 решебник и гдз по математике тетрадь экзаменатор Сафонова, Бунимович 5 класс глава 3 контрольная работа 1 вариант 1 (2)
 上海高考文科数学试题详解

########

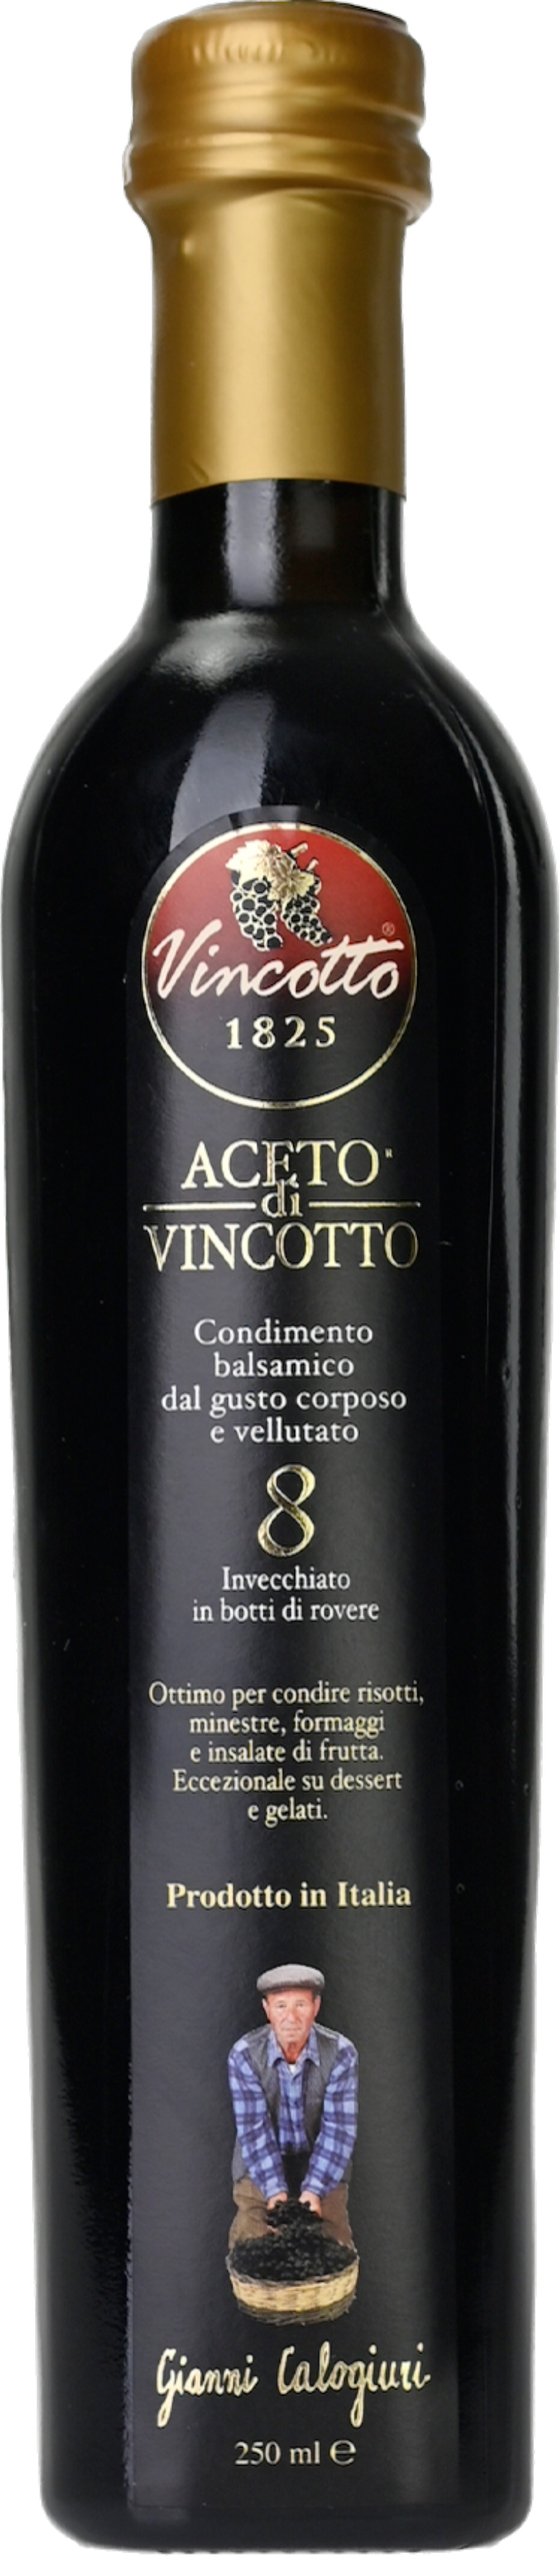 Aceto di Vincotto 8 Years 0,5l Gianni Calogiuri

########

Take the listing above and repeat exactly the lines from the one containing "решебник и гдз" through the one containing "上海高考文科数学试题详解", both included.

◆ RESPONSE TO THE TASK
 решебник и гдз по математике тетрадь экзаменатор Сафонова, Бунимович 5 класс глава 3 контрольная работа 1 вариант 1 (2)
 上海高考文科数学试题详解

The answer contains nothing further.